### The problem
From the line that contains "orthopedic donut seat" through the closing line of the entries, write out each line exactly; pictures stay out.

Records drawn from a dataset
━━━━━━━━━━━━━━━━

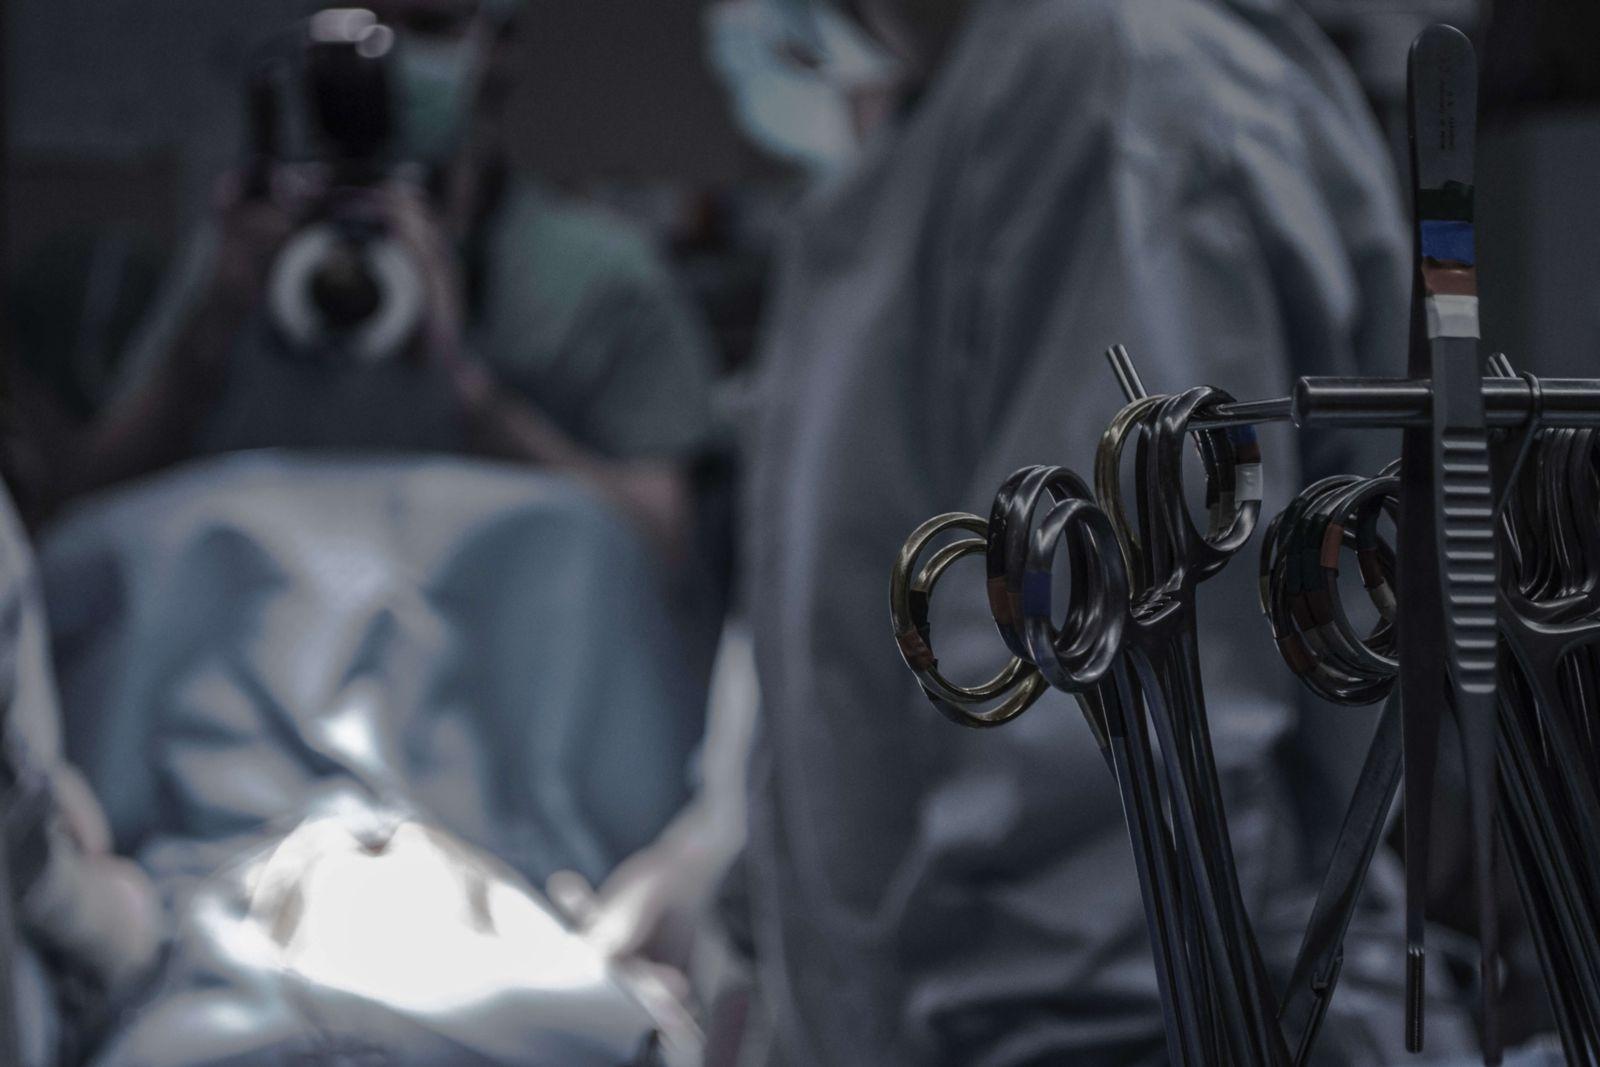 arthroscopic surgery
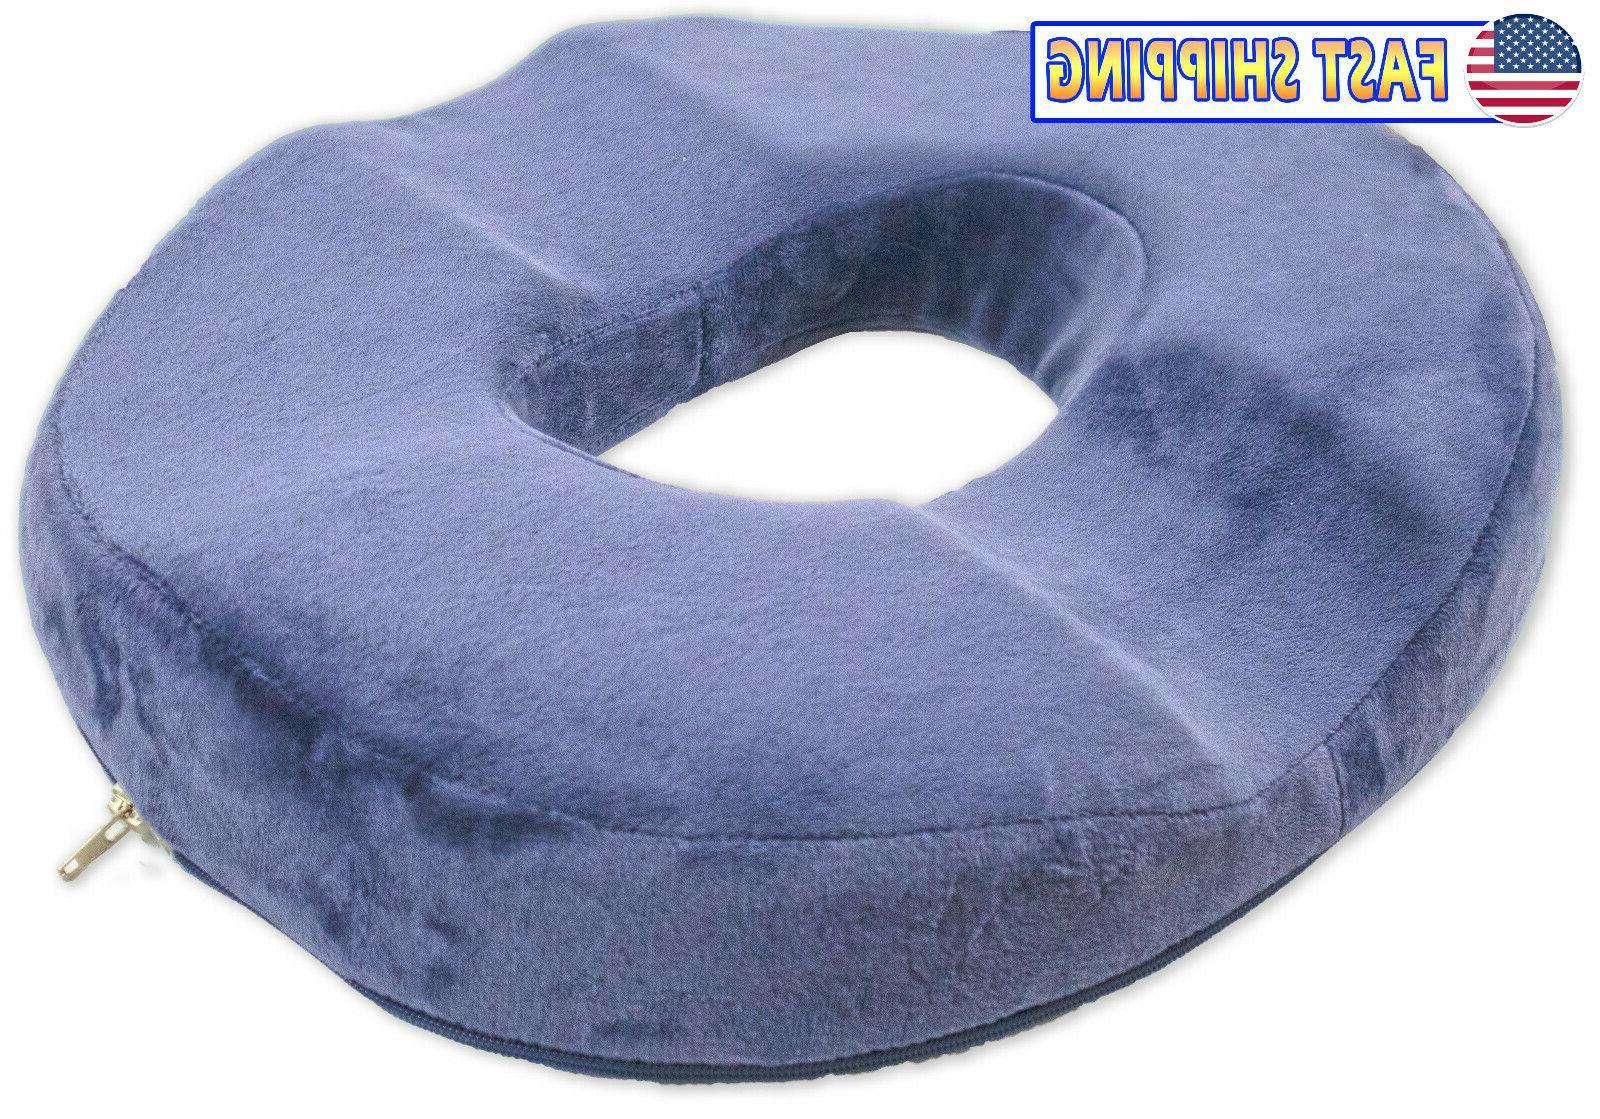 orthopedic donut seat cushion memory foam cushion
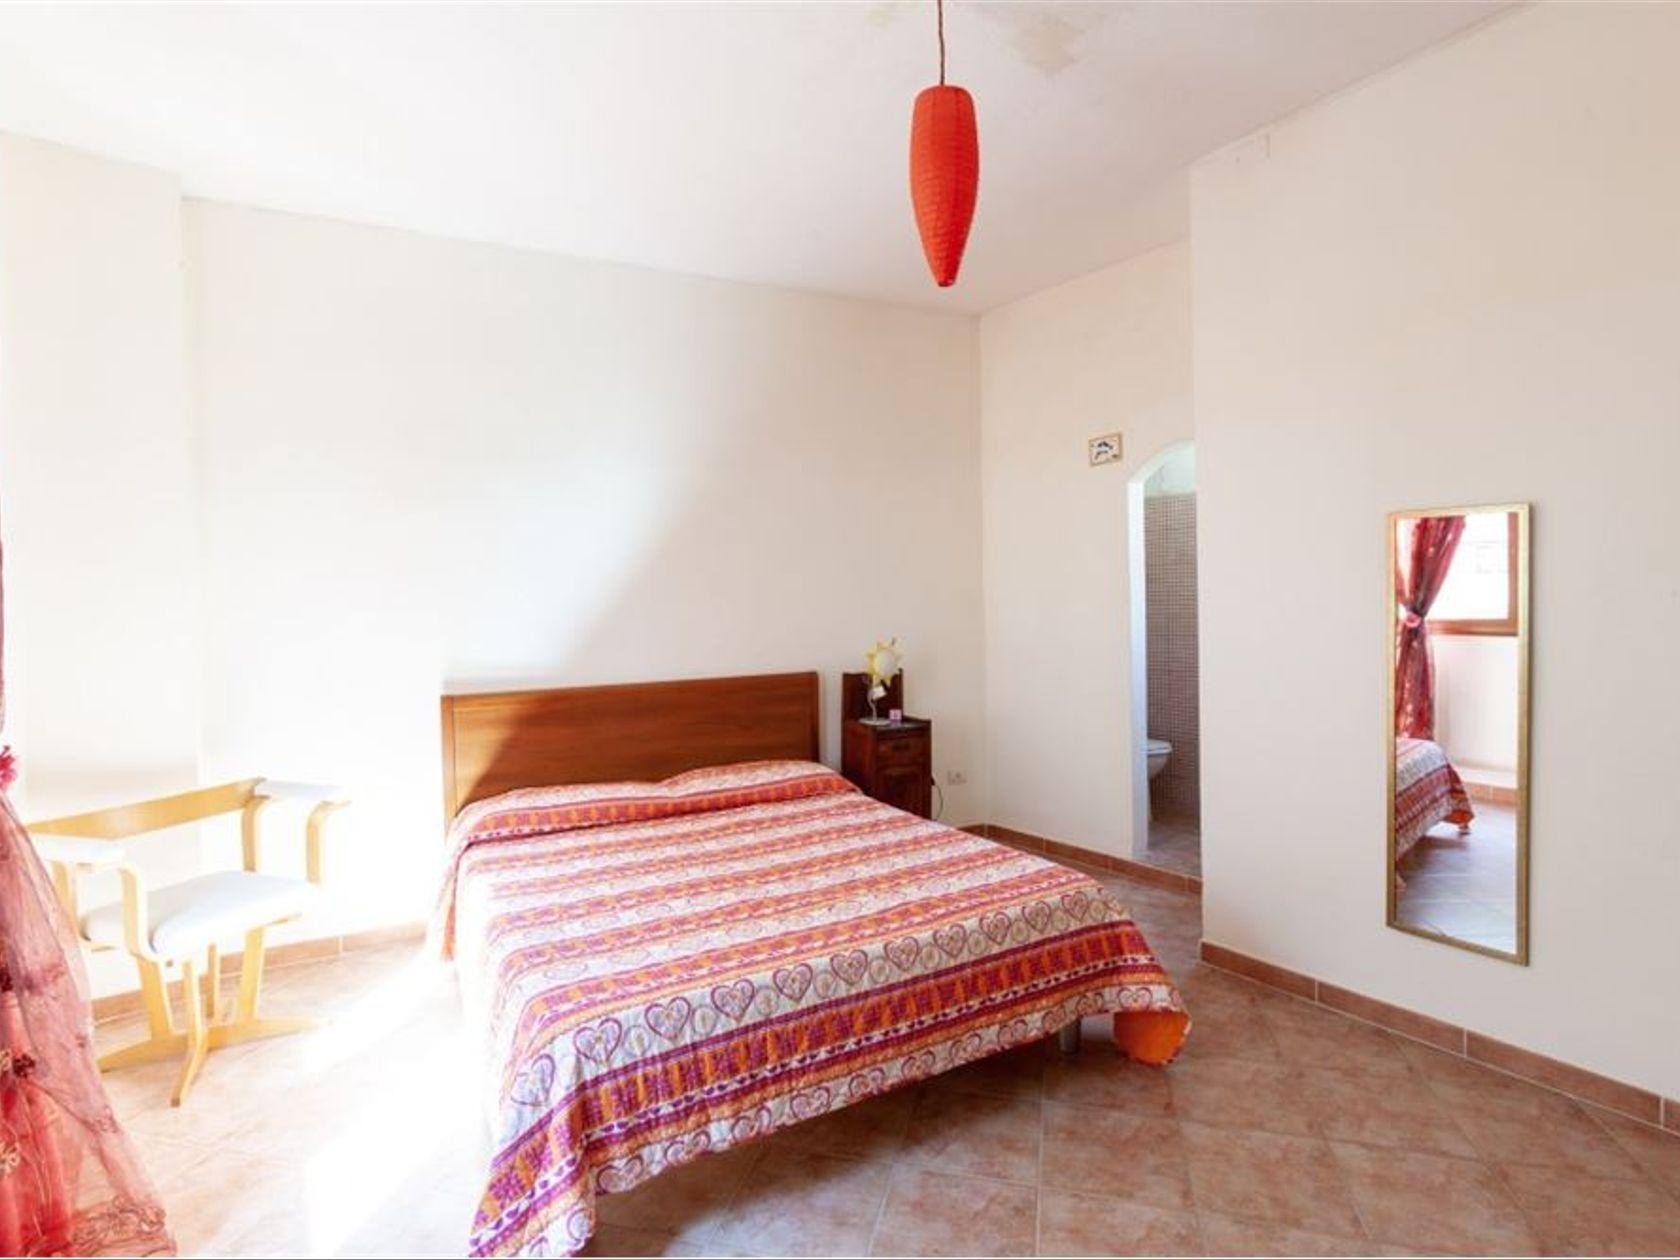 Appartamento Zona Centro, Quartu Sant'Elena, CA Vendita - Foto 5
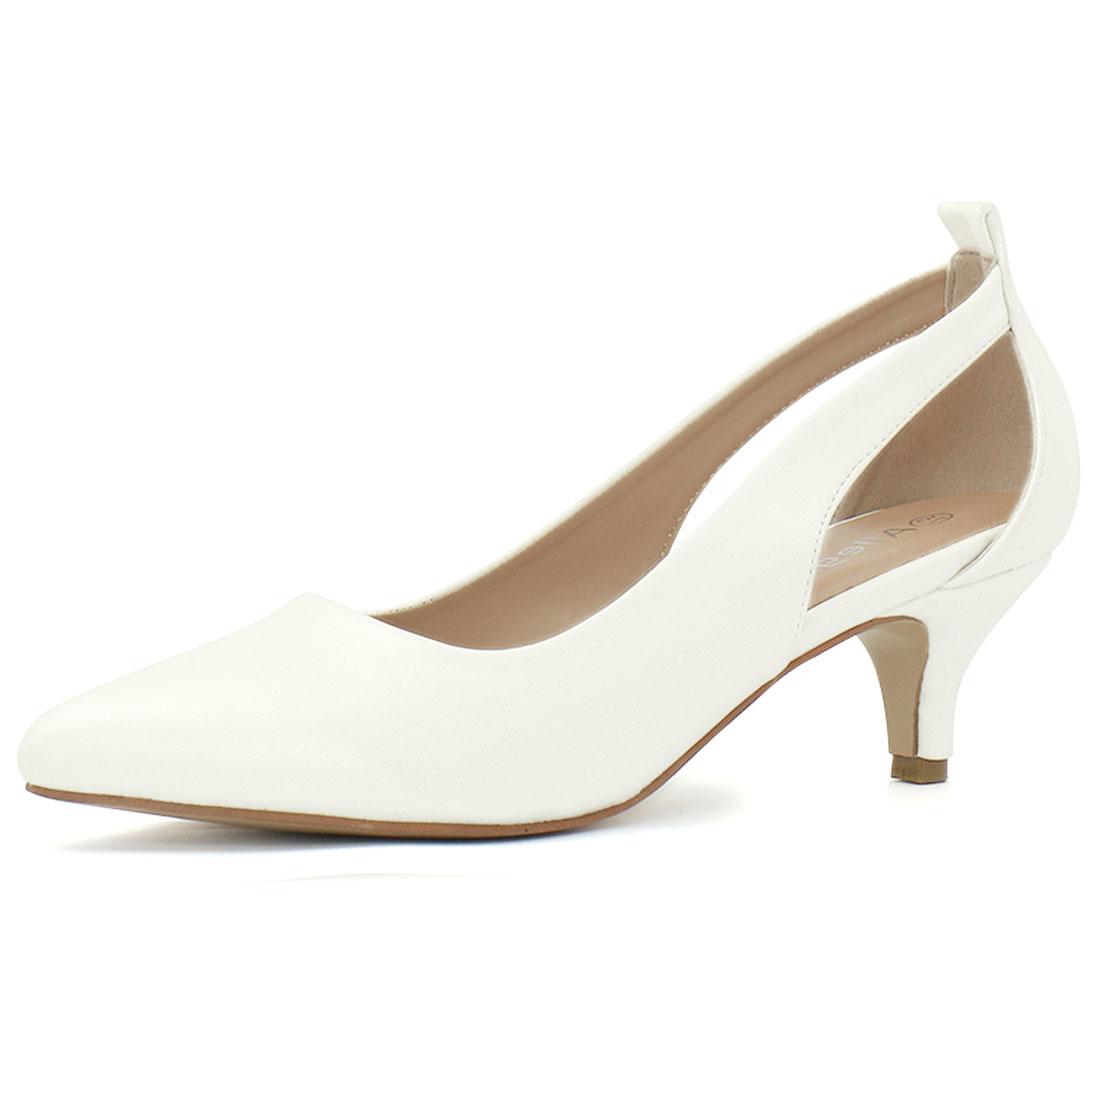 Allegra K Women's Cutout Sides Pointed Toe Kitten Heel Pumps White US 10.5
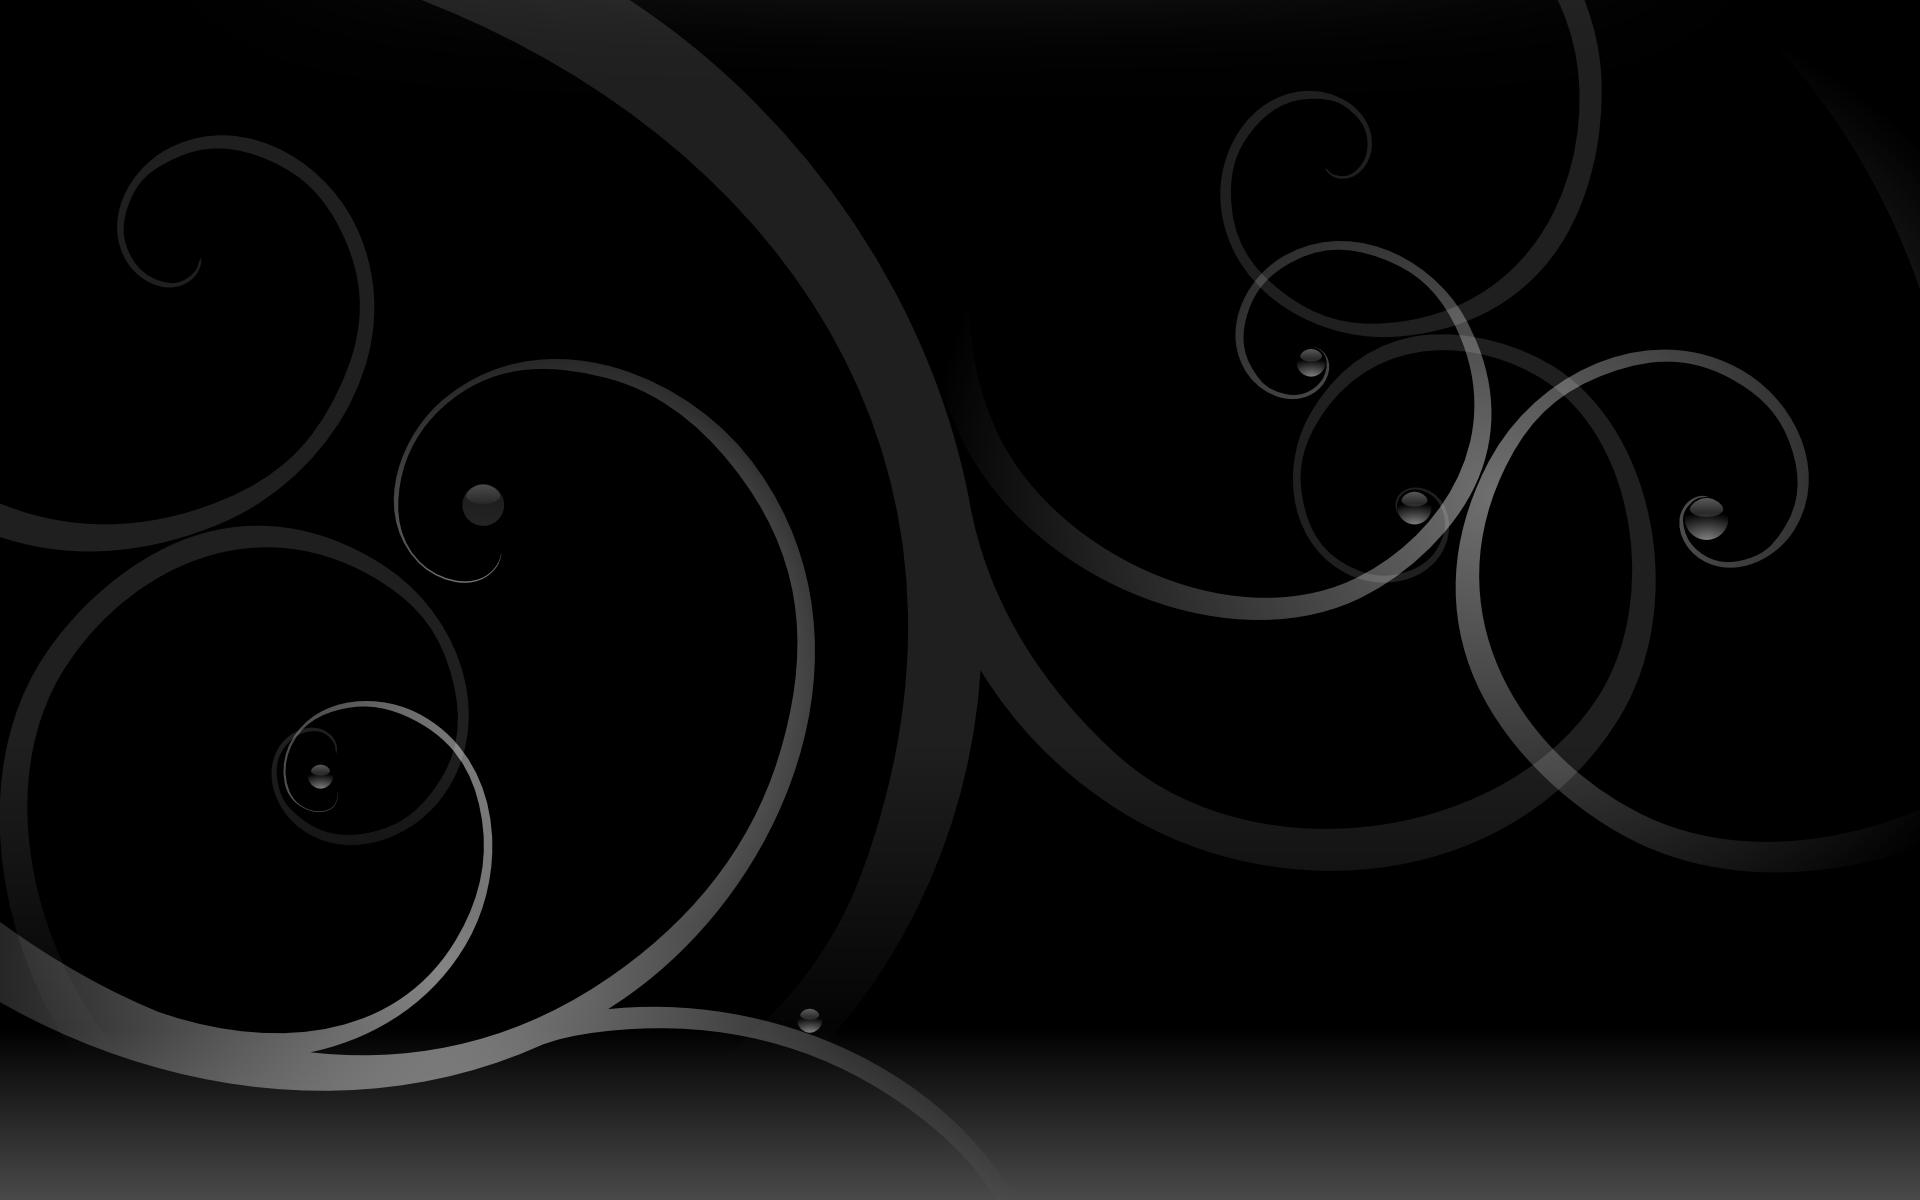 Black Wallpaper Background images on o

━━━━━━━━━━━━━━━━

### Answer for the task
 orthopedic donut seat cushion memory foam cushion
 Appartamento Zona Centro, Quartu Sant'Elena, CA Vendita - Foto 5
 Allegra K Women's Cutout Sides Pointed Toe Kitten Heel Pumps White US 10.5
 Black Wallpaper Background images on o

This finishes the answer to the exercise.